Vega-Montoto analyzes the reaction of the state television program Con Filo —that publicly mocked Calzadilla after the announcement of the PLOC— not as panic but as calculation: “Fragmentation is not their nightmare. It is their strategy.”
To support his argument, the scholar reviews the major transitions of the 20th century. In Poland, Solidarność was a heterogeneous coalition that postponed programmatic debate until a democratic system capable of addressing it could be established. In Chile, the Concertación brought together Christian democracy and the left to build a common No against Pinochet without agreeing on a national model. In Argentina, the Multipartidaria of 1981 united Peronism and Radicalism under a minimal program for constitutional restoration.

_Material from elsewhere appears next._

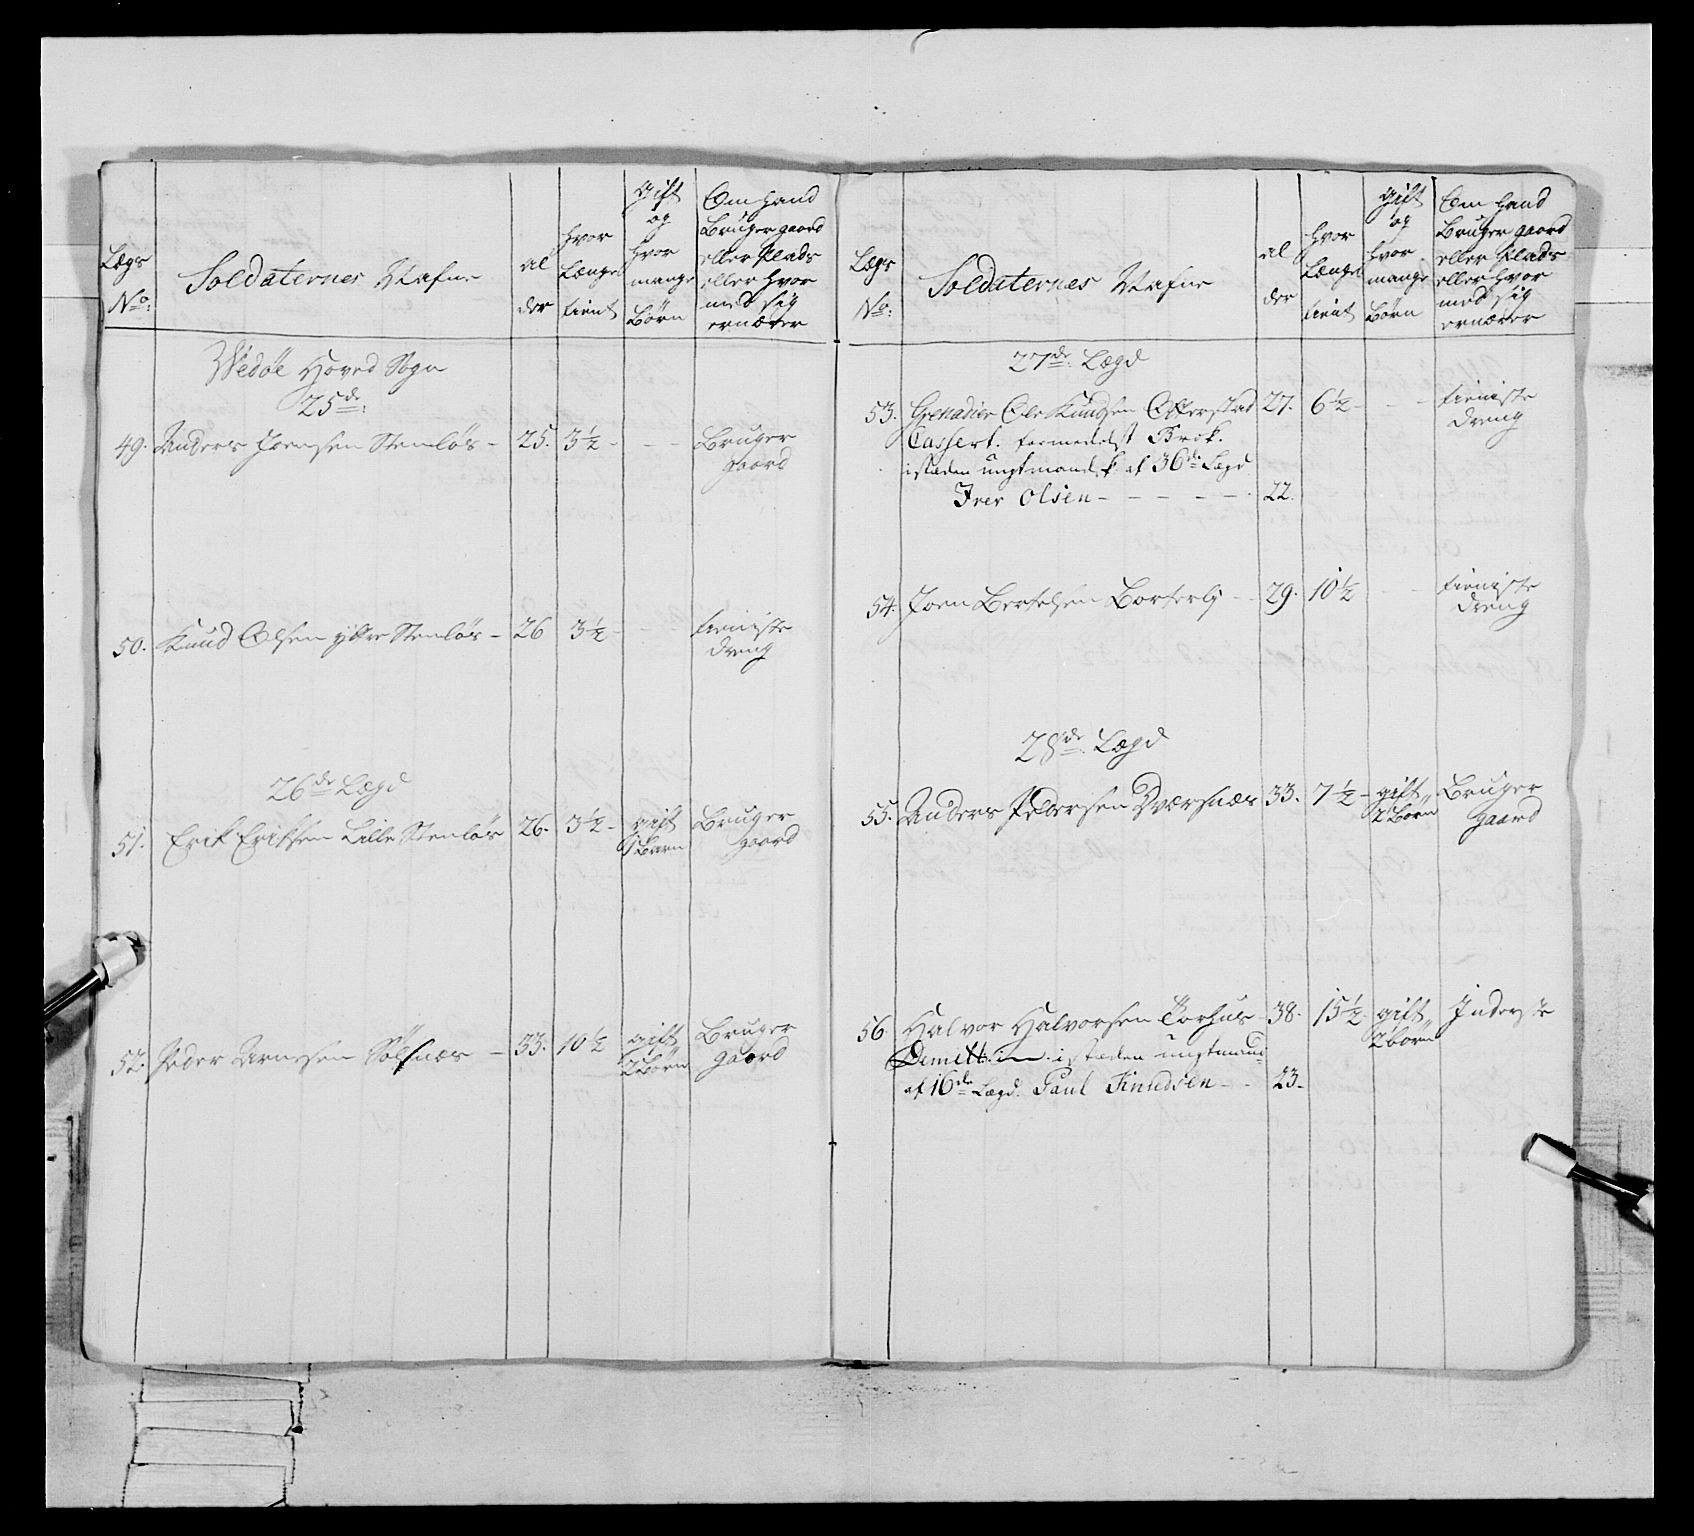 RA, Generalitets- og kommissariatskollegiet, Det kongelige norske kommissariatskollegium, E/Eh/L0076: 2. Trondheimske nasjonale infanteriregiment, 1766-1773, p. 475

In Spain, opposition parties accepted conditions that none would have freely chosen to make the 1978 Constitution possible.
The argument closest to Cuba, Vega-Montoto points out, does not come from Warsaw or Santiago but from Tampa and Key West: José Martí founded the Cuban Revolutionary Party in 1892 not as an ideological party but as a plural coalition with the sole objective of independence. "Martí understood something that his more doctrinaire contemporaries either did not want or could not understand: that the moment required functional unity, not ideological homogeneity."

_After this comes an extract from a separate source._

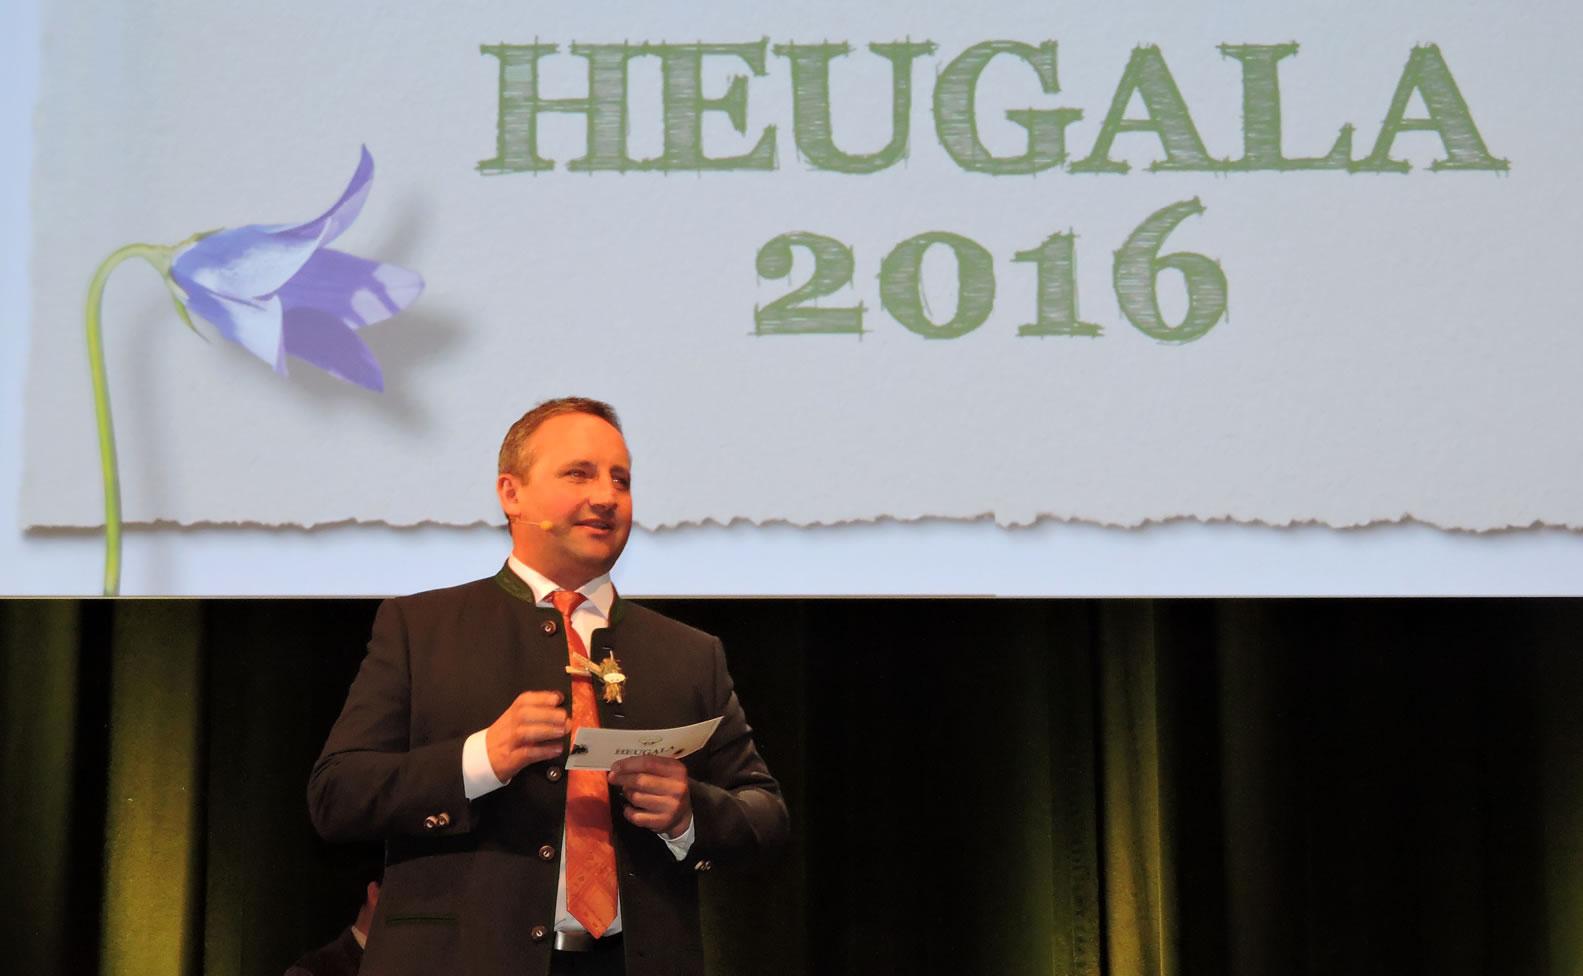 Heumilchgala 2016, Bio-Heu-Region (69)

Using the analytical framework of Markov chains applied to political transitions, Vega-Montoto argues that the probability of a regime fracture leading to democracy —rather than chaos or authoritarian regression— hinges on the presence of an opposition with sufficient organizational density to fill the power vacuum. This density, he warns, is precisely what is destroyed every time the opposition becomes atomized in projects competing for the same social base.
"The question that they all should ask themselves, and that we as a community should collectively ask ourselves, is not whether we have the right to disagree. It is whether we can afford the luxury of disagreeing now," concludes the essay.